I’ll have to check them out! I looked at the kings pants and they were nice. Definitely take a look at these before buying others. 


Sent from my iPhone using Tapatalk


----------



## DIRTYS6X6 (May 19, 2021)

Was going order today however nothing in my size. Bad luck. Tomorrow a new day try again.


----------



## nickpan (May 6, 2008)

The Wrangler Walmart pants aren’t in stock most places, but happened on some the other day and could try them on and check them out. 

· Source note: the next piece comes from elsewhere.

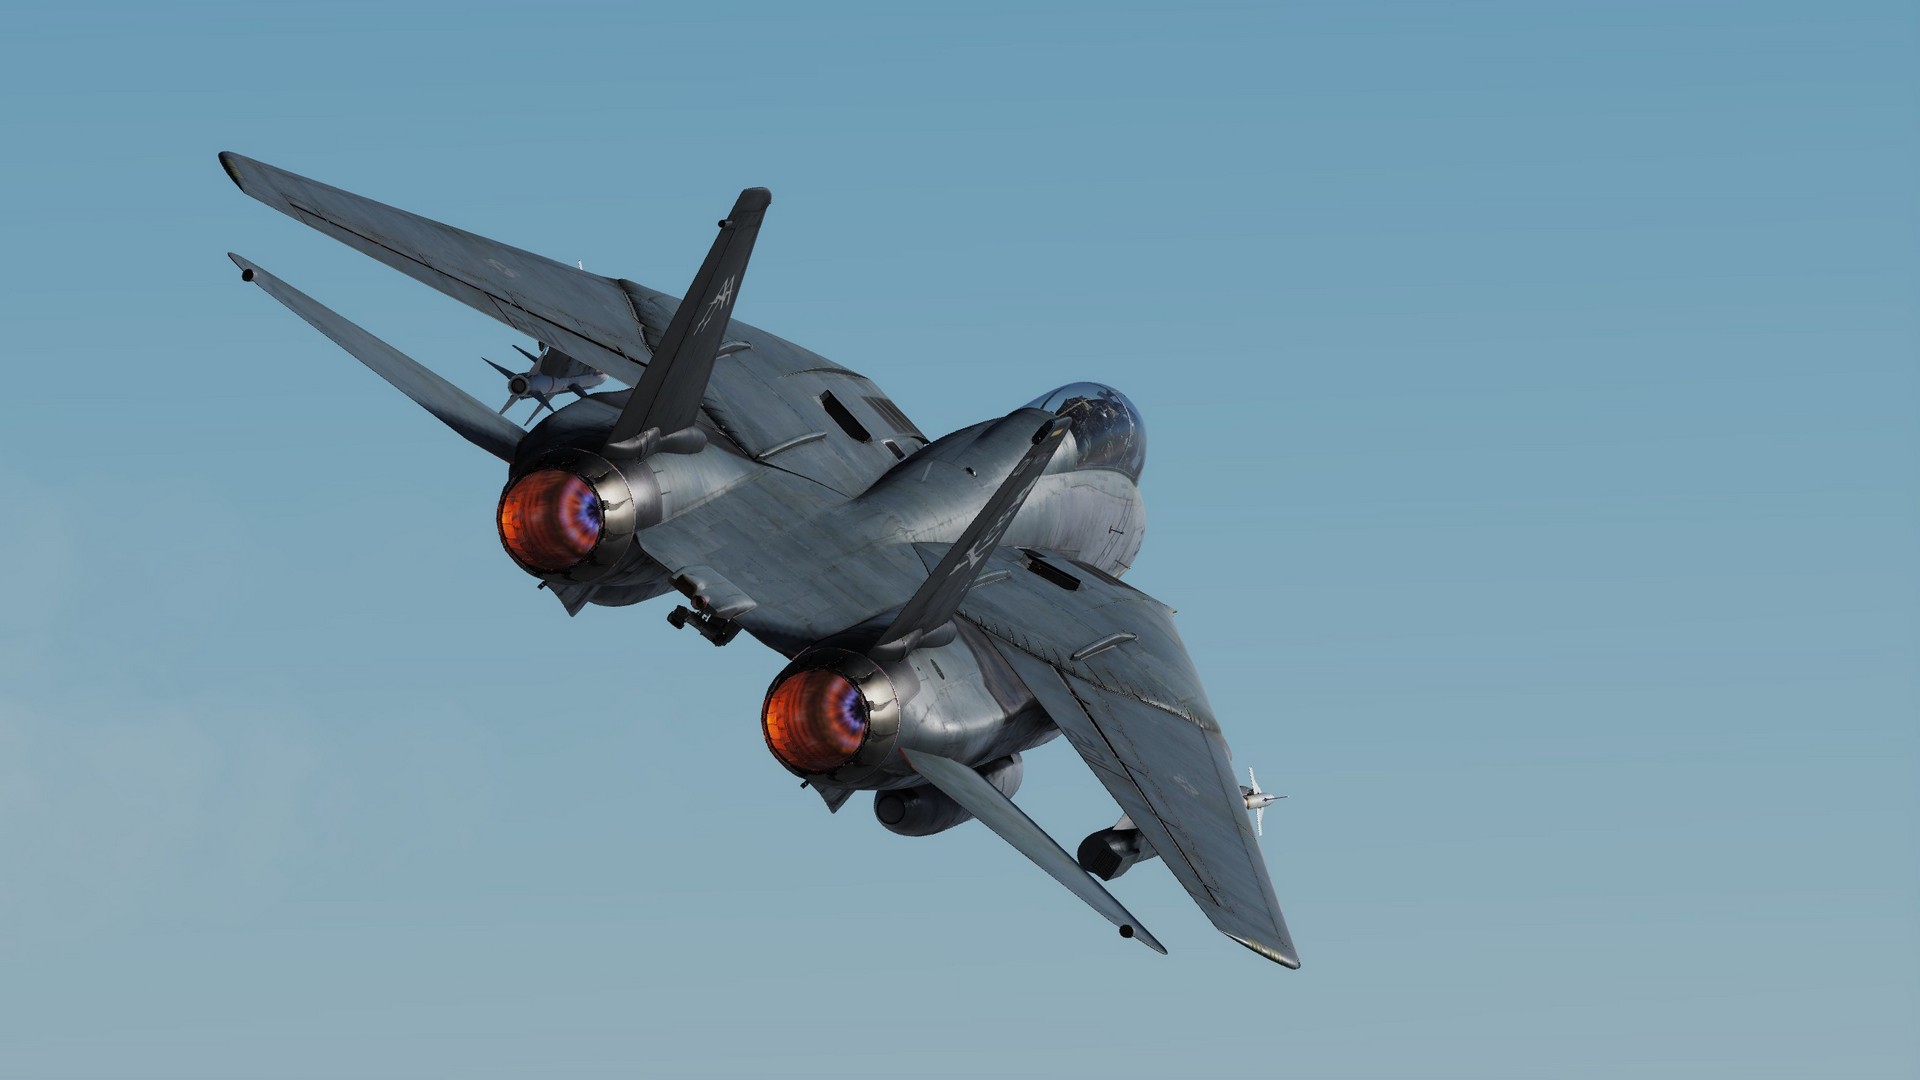 DCS World: F-14

Actually seem quite a bit more durable than some of the others. Ordered some online, can’t wait to try em out. For $20 you can’t go wrong!

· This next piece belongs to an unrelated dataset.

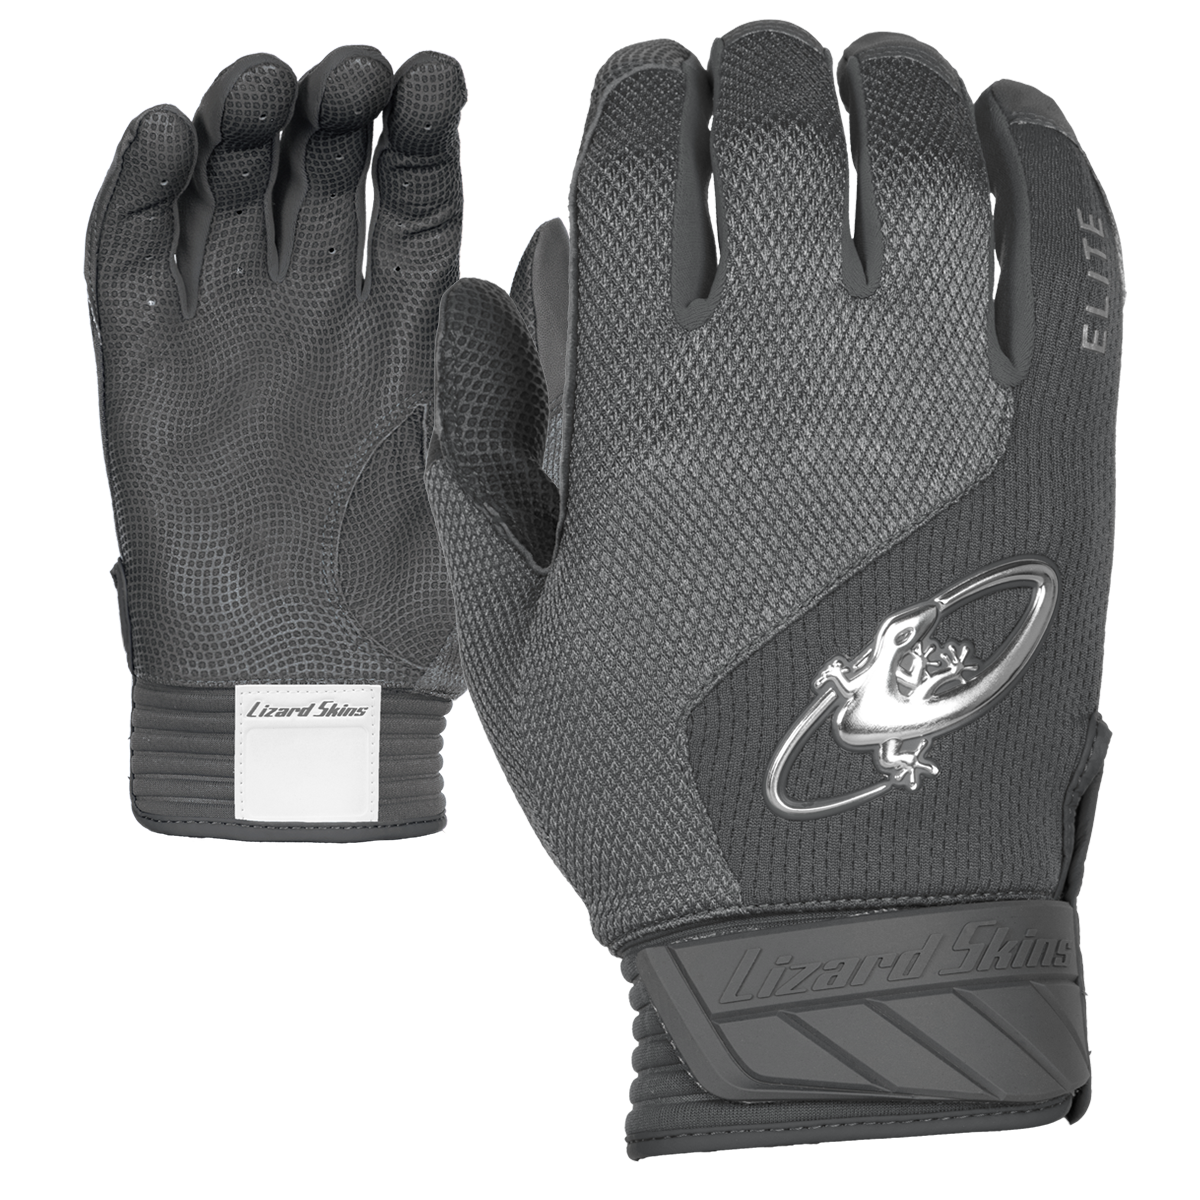 Lizard Skins Komodo Elite V2 Batting Glove

Sent from my iPhone using Tapatalk


----------



## CAExpat (Oct 27, 2013)

nickpan said:


> The Wrangler Walmart pants aren’t in stock most places, but happened on some the other day and could try them on and check them out.
> 
> Actually seem quite a bit more durable than some of the others. Ordered some online, can’t wait to try em out. For $20 you can’t go wrong!
> 
> ...


Like a lot of pants out there, some great options if you're under 6'. The sizing offering on a lot of these pants suck.


----------



## nickpan (May 6, 2008)

MooseMeat said:


> Seriously I love mine. I’ve got the nice Sitka and kuiu camo pants. And i hardly wear them anymore after getting these. They hold up way better, feel better and do everything the fancy stuff does for a fraction of the price.

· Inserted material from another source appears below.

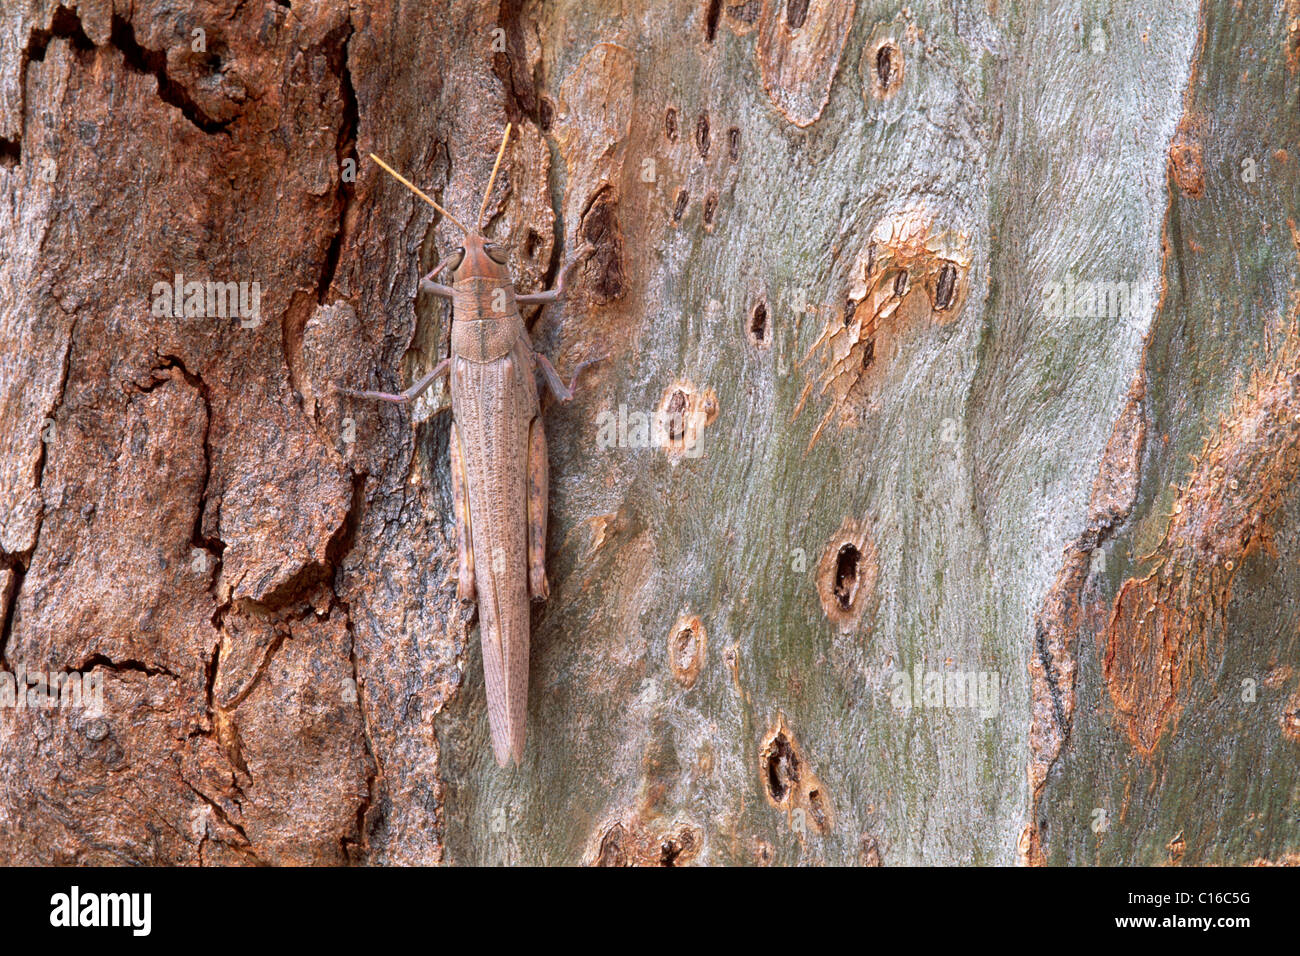 Grasshopper (Saltatoria) sitting camouflaged on the bark of a Eucalyptus Tree (Eucalyptus), Northern Territory, Australia Stock Photo

Update on the pants. Got back from my LE Elk hunt and dealt with rain, snow, and then the heat. Over 25 miles hiking. The Wrangler pants were awesome! Definitely recommend! 
Thanks for the recommendation MooseMeat!


Sent from my iPhone using Tapatalk


----------



## MooseMeat (Dec 27, 2017)

nickpan said:


> Update on the pants. Got back from my LE Elk hunt and dealt with rain, snow, and then the heat. Over 25 miles hiking. The Wrangler pants were awesome! Definitely recommend!
> Thanks for the recommendation MooseMeat!
> 
> 
> Sent from my iPhone using Tapatalk


Glad you like them. I just ordered 4 more pairs


----------